Every line of the listing below should come back exactly as written, with no images.

DATA SHOWN:
* * * * * * * * *

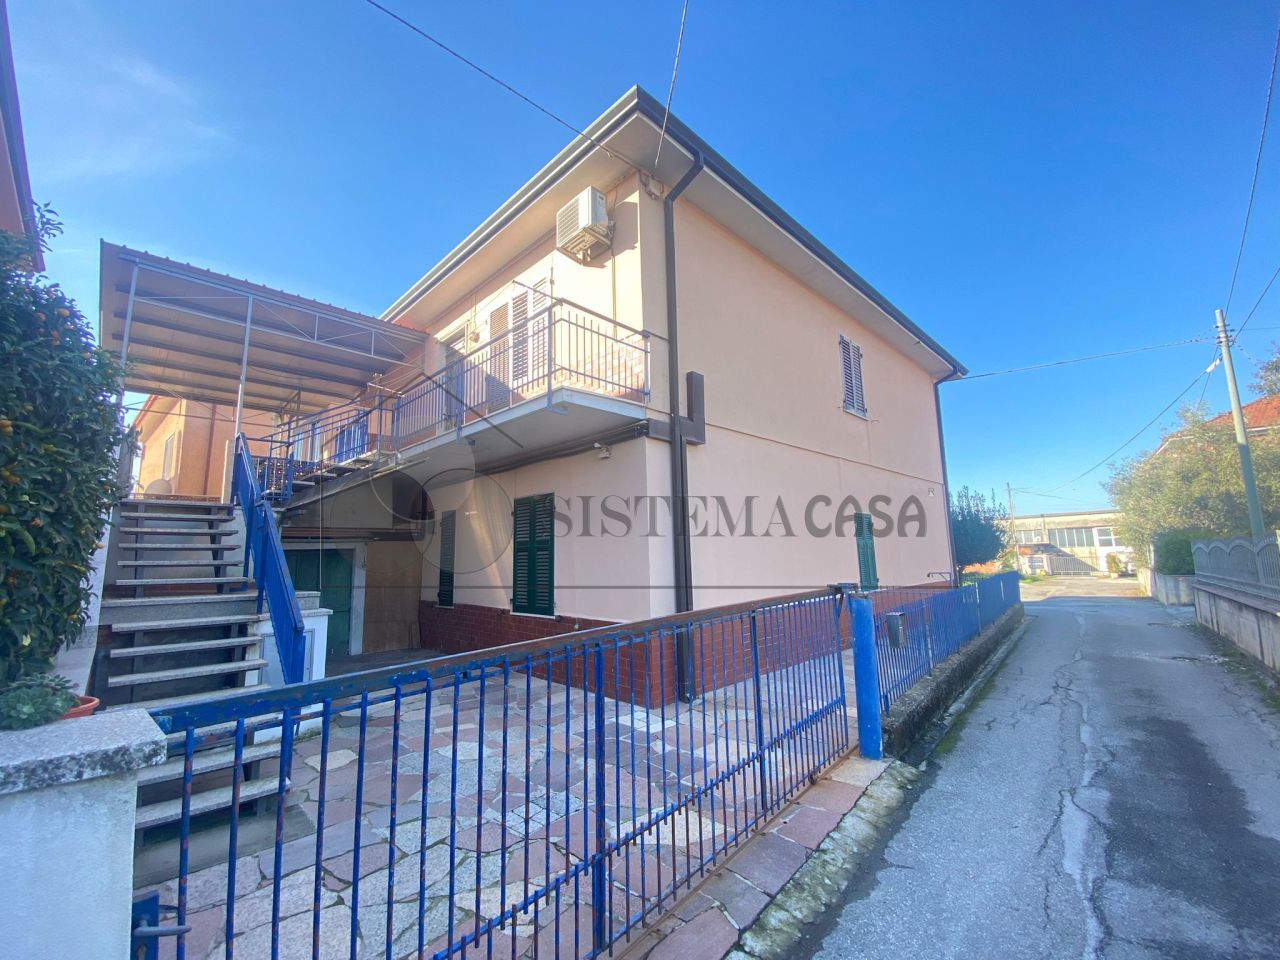 Appartamento in vendita a Castelnuovo Magra, 5 locali, prezzo € 180.000 | PortaleAgenzieImmobiliari.it
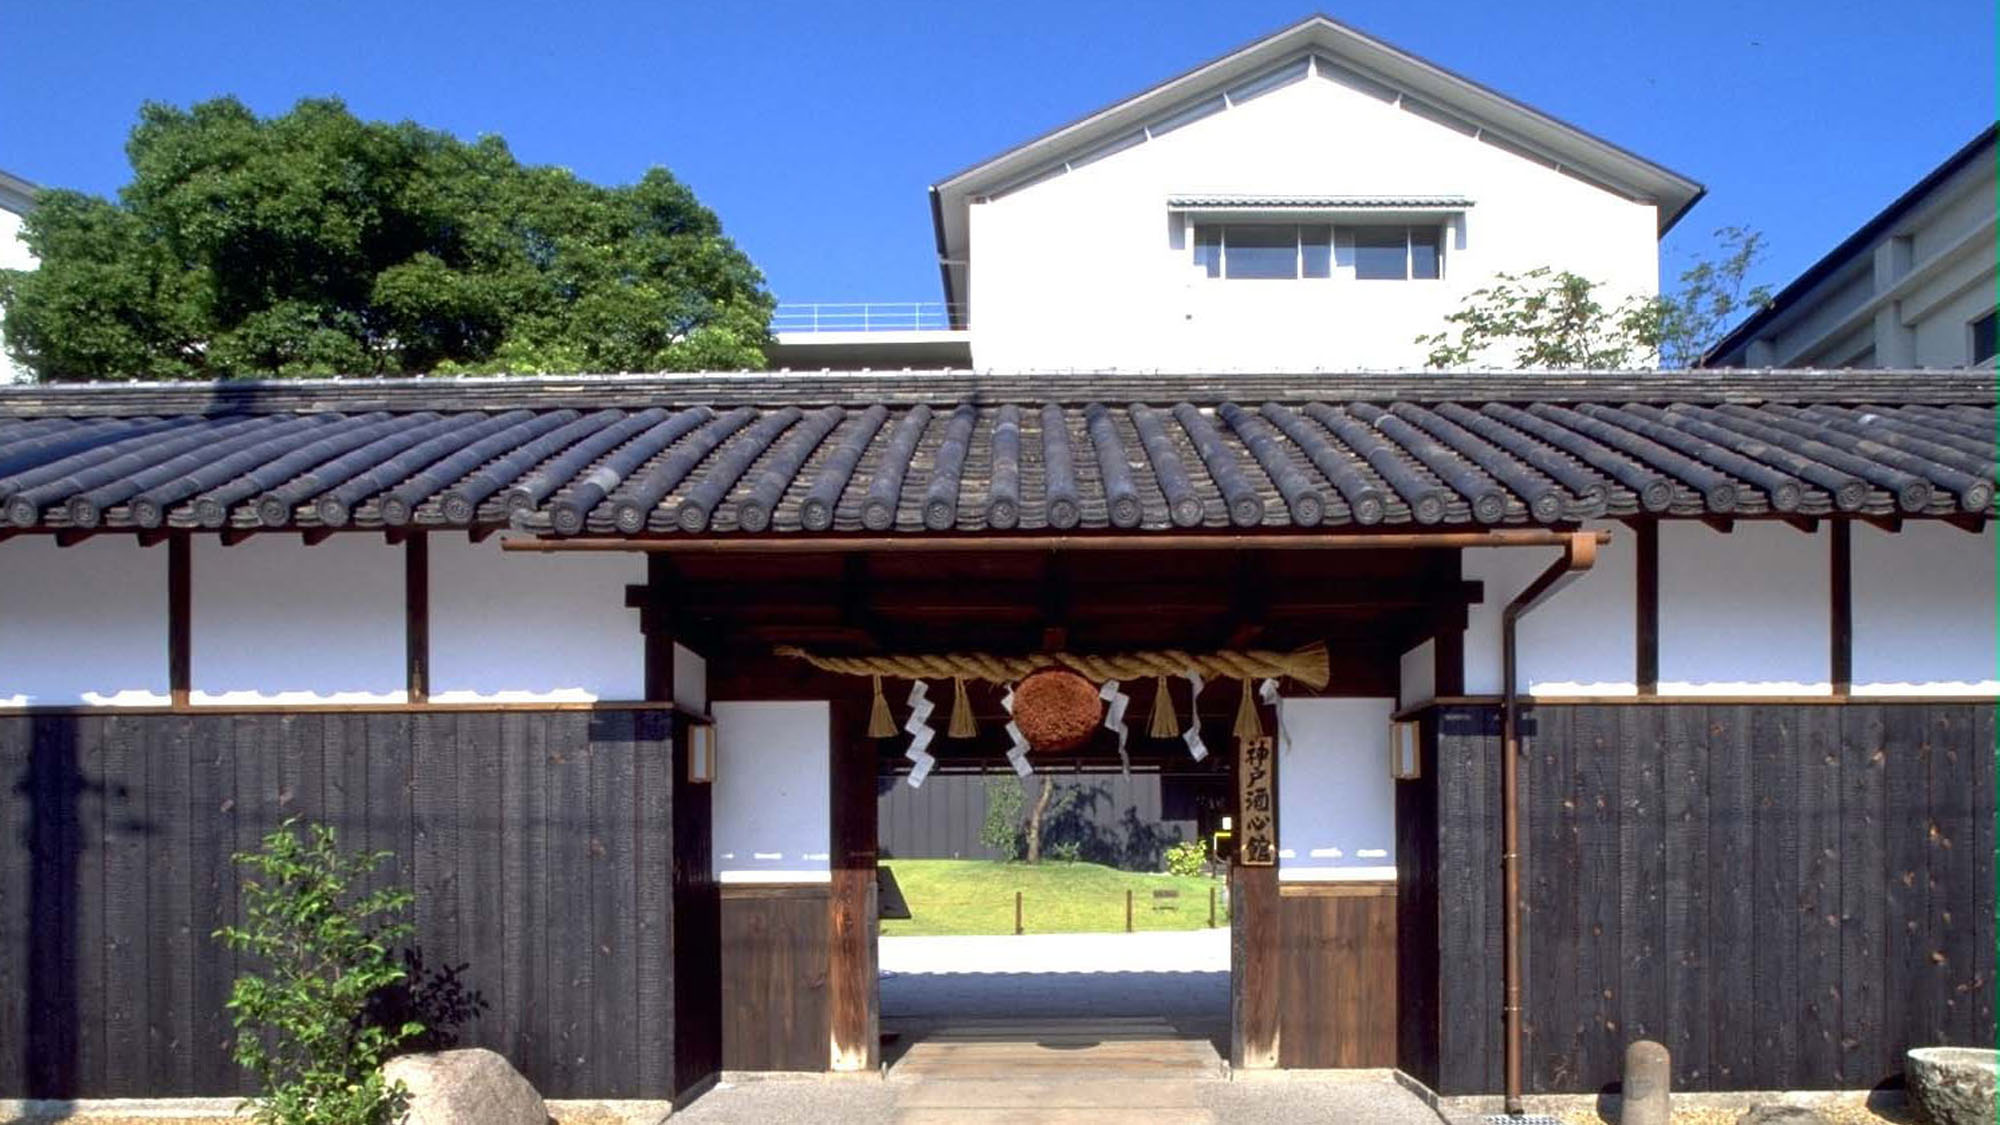 【小磯記念美術館】ホテルから徒歩5分。神戸で生まれ神戸で作画活動を続けた洋画家小磯良平の作品を所蔵。
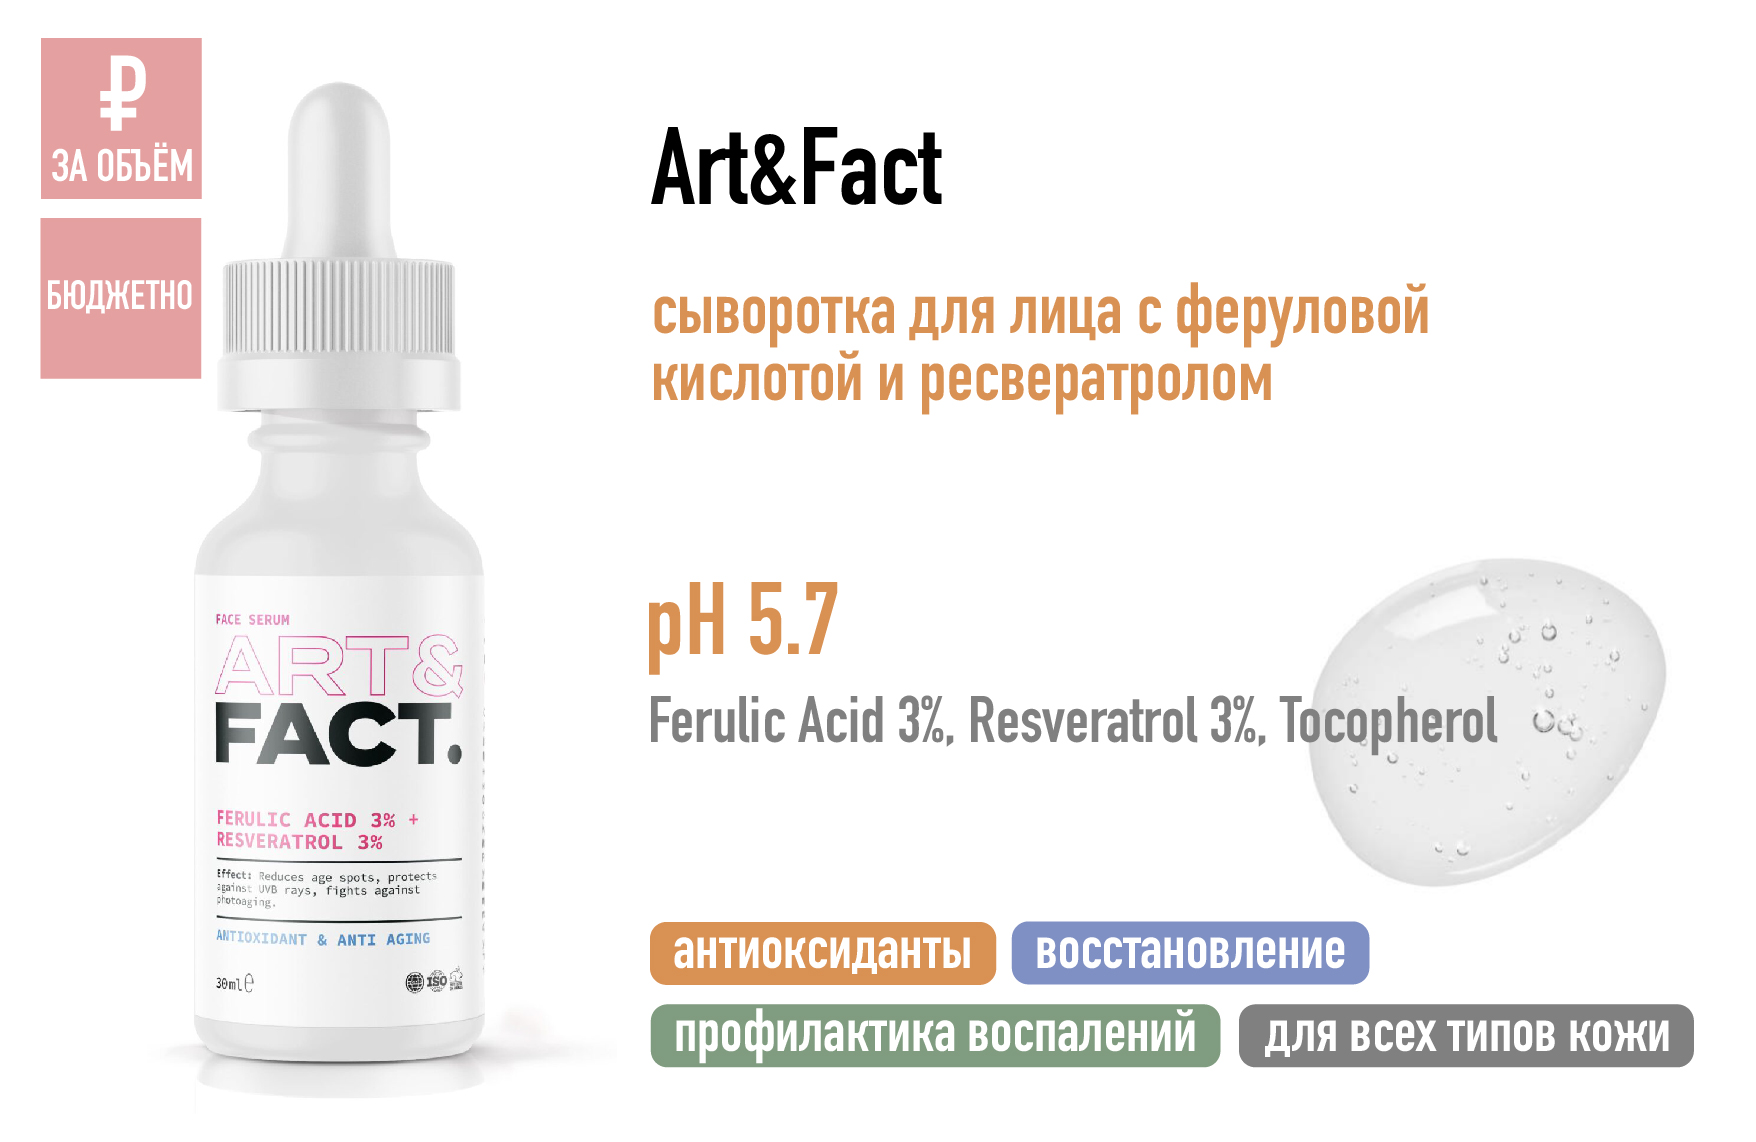 Art&Fact / Сыворотка для лица с феруловой кислотой 3% и ресвератролом 3%
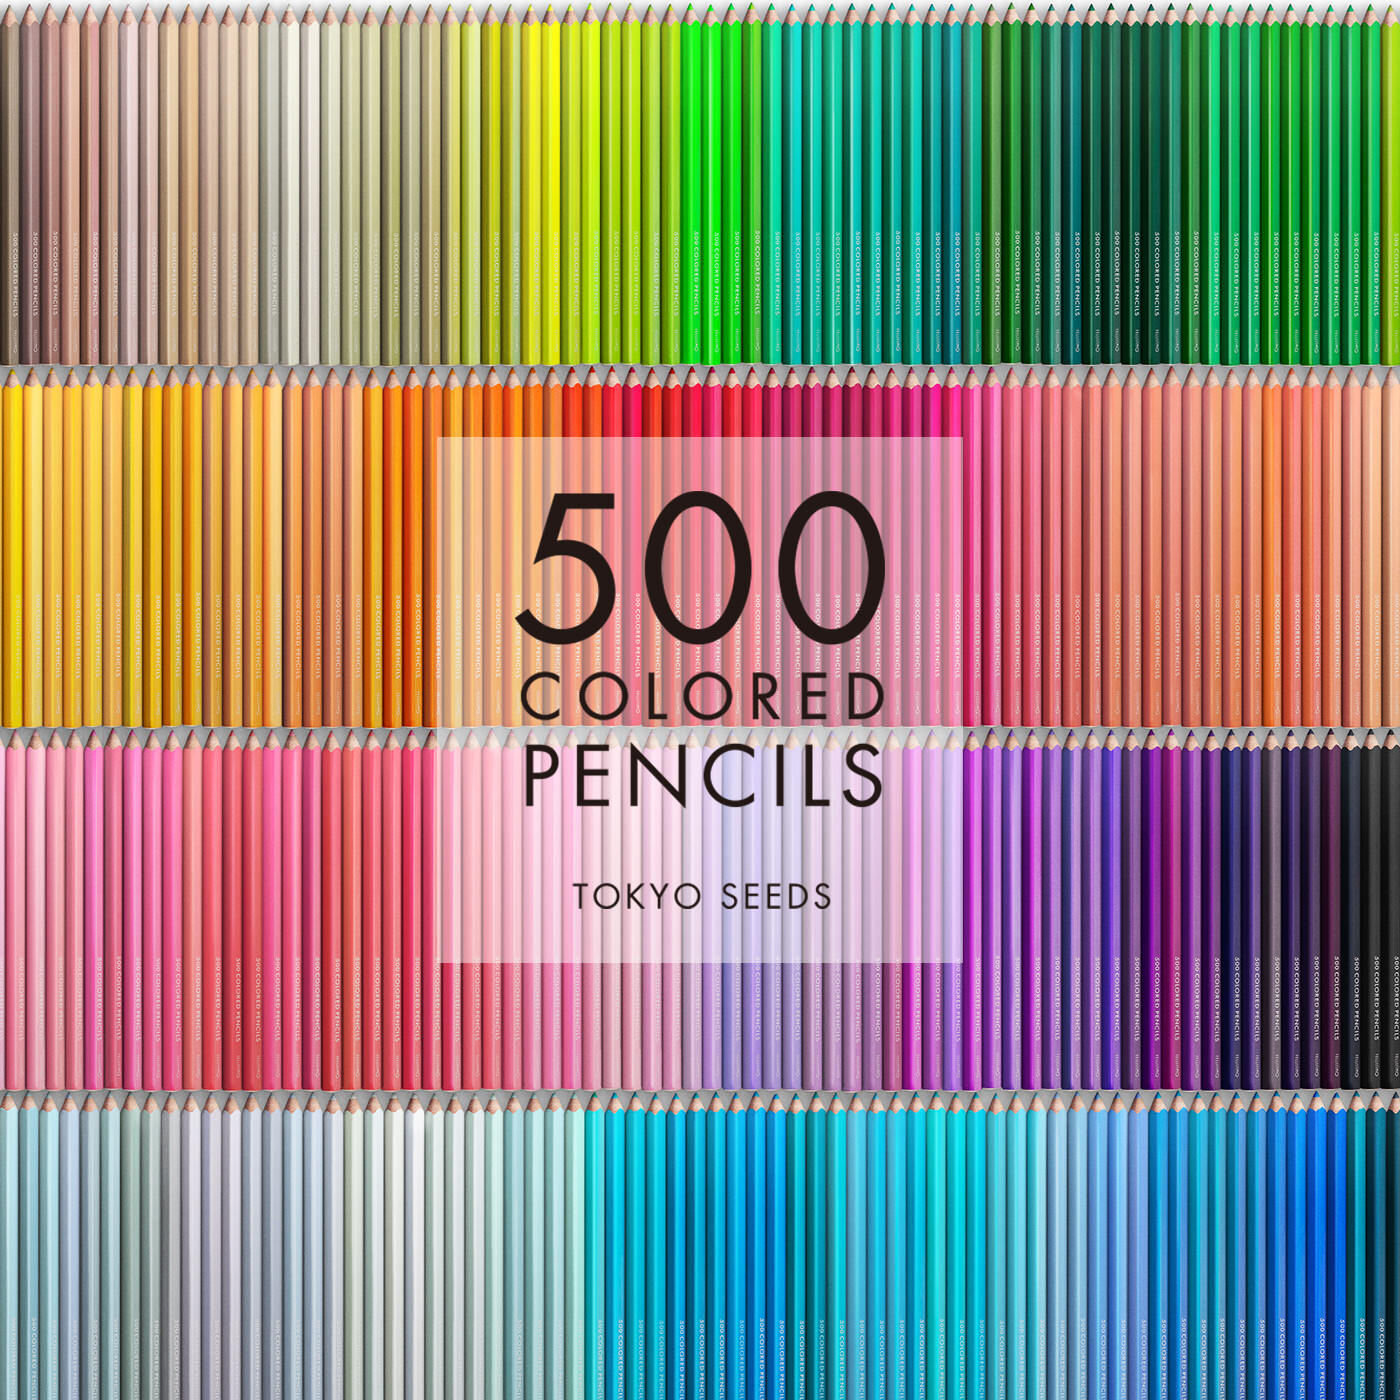 Real Stock|【130/500 CUSTARD RICE】500色の色えんぴつ TOKYO SEEDS|1992年、世界初の「500色」という膨大な色数の色えんぴつが誕生して以来、その販売数は発売当初から合わせると、世界55ヵ国10万セット以上。今回、メイド・イン・ジャパンにこだわり、すべてが新しく生まれ変わって登場しました。

* * * * * * * * *

PROBLEM SOLUTION:
 Appartamento in vendita a Castelnuovo Magra, 5 locali, prezzo € 180.000 | PortaleAgenzieImmobiliari.it
 【小磯記念美術館】ホテルから徒歩5分。神戸で生まれ神戸で作画活動を続けた洋画家小磯良平の作品を所蔵。
 Art&Fact / Сыворотка для лица с феруловой кислотой 3% и ресвератролом 3%
 Real Stock|【130/500 CUSTARD RICE】500色の色えんぴつ TOKYO SEEDS|1992年、世界初の「500色」という膨大な色数の色えんぴつが誕生して以来、その販売数は発売当初から合わせると、世界55ヵ国10万セット以上。今回、メイド・イン・ジャパンにこだわり、すべてが新しく生まれ変わって登場しました。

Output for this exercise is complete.